Categories > Celebrities > My Chemical Romance > Never Coming Home

Twenty Nine: Chocolate Shake

by writingechelon 2 reviews

A cool spring day, and new-found joy. Also, ice cream.

Category: My Chemical Romance - Rating: PG-13 - Genres: Drama,Romance - Characters: Frank Iero,Gerard Way - Warnings: [?] - Published: 2011-10-11 - Updated: 2011-10-11 - 805 words - Complete

2Ambiance
March 4th, 1958
Philadelphia


“That'll be twelve dollars ninety, sir.”
Frank smiled at the perky blonde cashier as he dug through his pockets for spare change.
He managed to find barely enough to pay for the record – a used but still pretty copy of The Best Of Muddy Waters - and stepped outside, tipping his head as a salute to the girl behind the register.
He smiled to himself and lighted a cigarette, enjoying the fresh and crystal-clear air of a beginning-of-Spring day in Philly.
It had somehow been a pain in the ass to have to haul all the way down there to manage to get his hands on that record, but, overall, he was happy and content.
Winter was finally melting away, and he'd managed to buy Gerard's birthday present just in time.
Plush, he'd had a reasonably uneventful day at work and being able to slip away for the afternoon, alone with his thoughts, had been a blessing.
Frank started walking down the street, hands buried deep inside his trench coat's pocket, squinting slightly as the wind picked up speed and blew in his face.
Iero glanced at his watch (it was only four) and decided to haul a cab down to Clark Park. He'd just found his old camera (the same one he'd brought with him to Europe during the war, the same one that had taken the picture Alicia had burned) and the light was good. He had at least an hour or so before having to head back to Belleville, so why the hell not take advantage of something like that?
A taxi pulled up on the curb.
Frank got in.
WAIT!”
Gerard Arthur Way burst in after him.
“I'm with him.”
Frank stared at him, puzzled, as Gerard grinned while clutching his walking stick. There was a savage glint in his eyes, a light everybody thought was long gone, a glint that meant he was back up on his feet again, ready to fight, ready to bight the world back.
“Where to, sir?” asked the driver.
Frank raised an eyebrow.
“Uh. Clark Park.”
Marvelous.”
Gerard smiled at Frank as he spoke, and an already magnificent day became thousands of times more beautiful.

Frank hugged Gerard the moment he was sure the cab had driven away.

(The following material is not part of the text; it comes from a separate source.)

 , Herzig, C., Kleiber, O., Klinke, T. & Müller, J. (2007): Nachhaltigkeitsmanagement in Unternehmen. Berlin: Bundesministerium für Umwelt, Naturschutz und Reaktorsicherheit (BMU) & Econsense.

He hugged him and held him and squeezed him tight, because he was happy.
They were both happy: a screaming, heel-kicking joy filled them to the brim. It was the joy of eight year old boys playing in the mud. The joy of lovers whispering sweet promises to each other. The joy of rain after a hot summer day.
But it was also Frank and Gerard's joy: theirs, and nobody else's. A unique joy.
Because, after all, no happiness is the same.
For Frank, it was the joy of warm wool against his palms, the smell of ink and acrylic paints.
For Gerard, it was the joy of rough hands clutching him, the scent of freshly-cut grass and old books.
For both of them, it was the happiness of finally being able to be themselves, even though it was only for a fleeting, brief moment.

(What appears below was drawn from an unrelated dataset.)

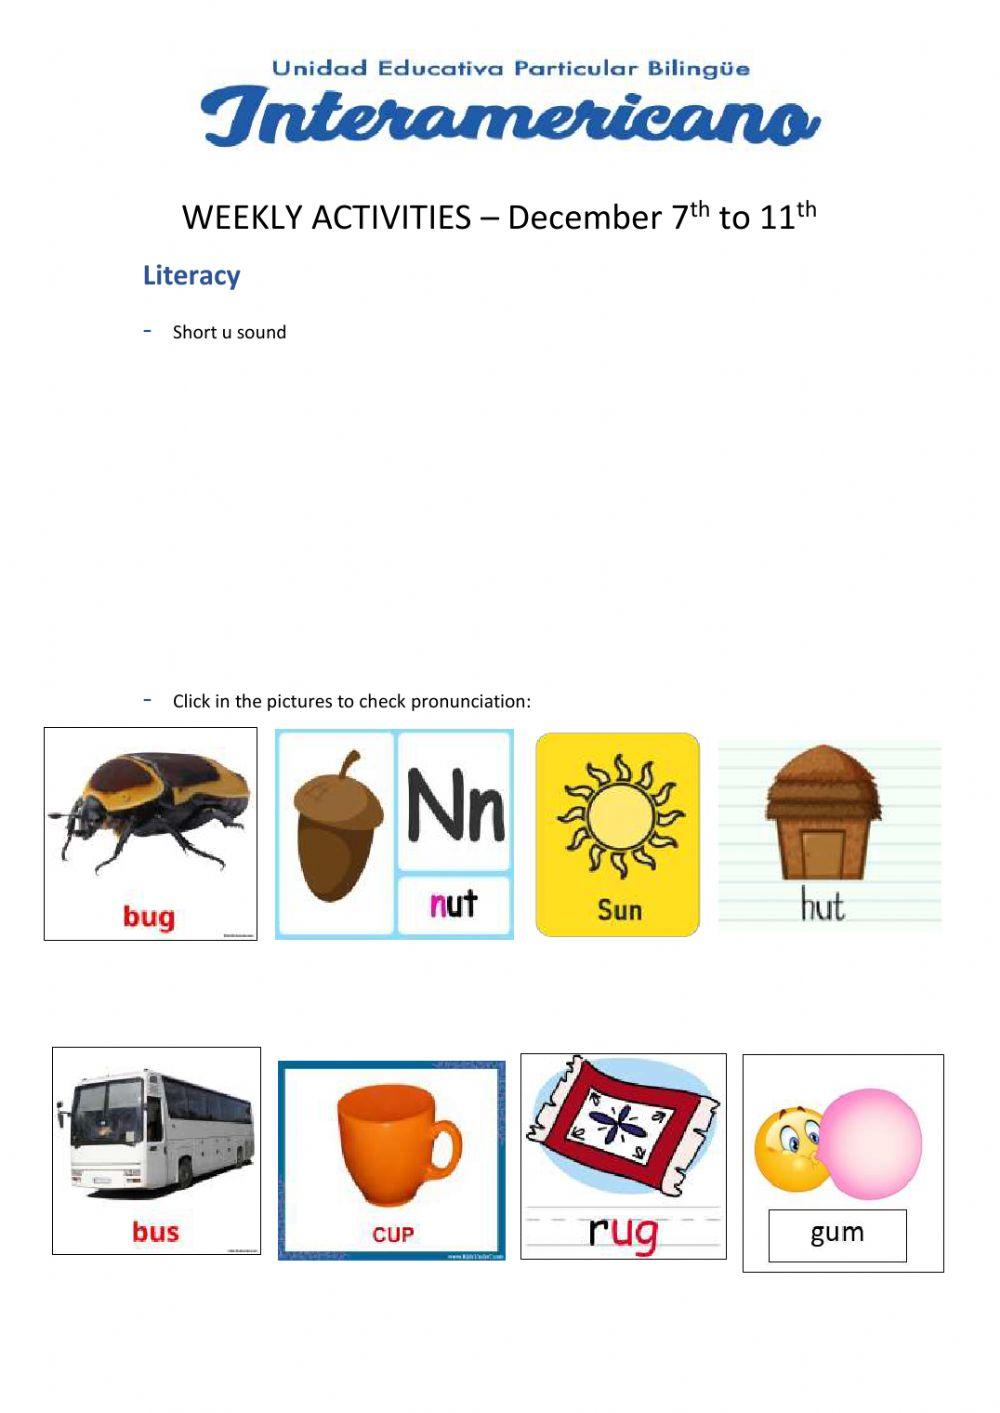 Weekly activities - Preparatory - Week 28

Frank broke away from the hug.
“What—what are you doing here?”
“Just trying to get away from everything. Relatives, mostly.” Gerard said, and smirked. He twirled his walking stick a couple of times.
Frank nodded at it.
“Your leg hurt?”
“Like a bitch.”
Gerard shifted his weight to his right leg, and flinched, as if to underline what he'd just said. A bird chirped.
It was a pretty day.
“Could I offer you an ice cream, Frank? As a birthday present to myself?”
There was a small stand right inside the park. Children were crowded around it, as mothers attentively watched over them.
“Ice cream with the old and pathetic owner of a suburban bookstore?”
Frank had said it as a joke, but, deep down, he did believe it a little.
“How about, 'ice cream with the man I love'? Sound better?”
Gerard outstretched his hand towards Frank, who looked at him and then linked his arm with his.
“It sounds marvelous, Gerard.”
They started walking, not caring about the few stares that crept along their back as they paraded by the children and mothers. That moment was all theirs, and they laughed inside as they realized that the women there, horrified and disgusted, were old and tired and disenchanted.
Those women had lost faith in love far too many years before.
Frank and Gerard had just found it again.
Iero smiled at the man he loved, leaned his head against his shoulder.
Happy birthday, old man.”
"May it be the best one ever. Hell, it already is."
Gerard gave Frank's arm a little squeeze.
Everything was, finally, falling into place.
Slowly but surely, things were becoming okay.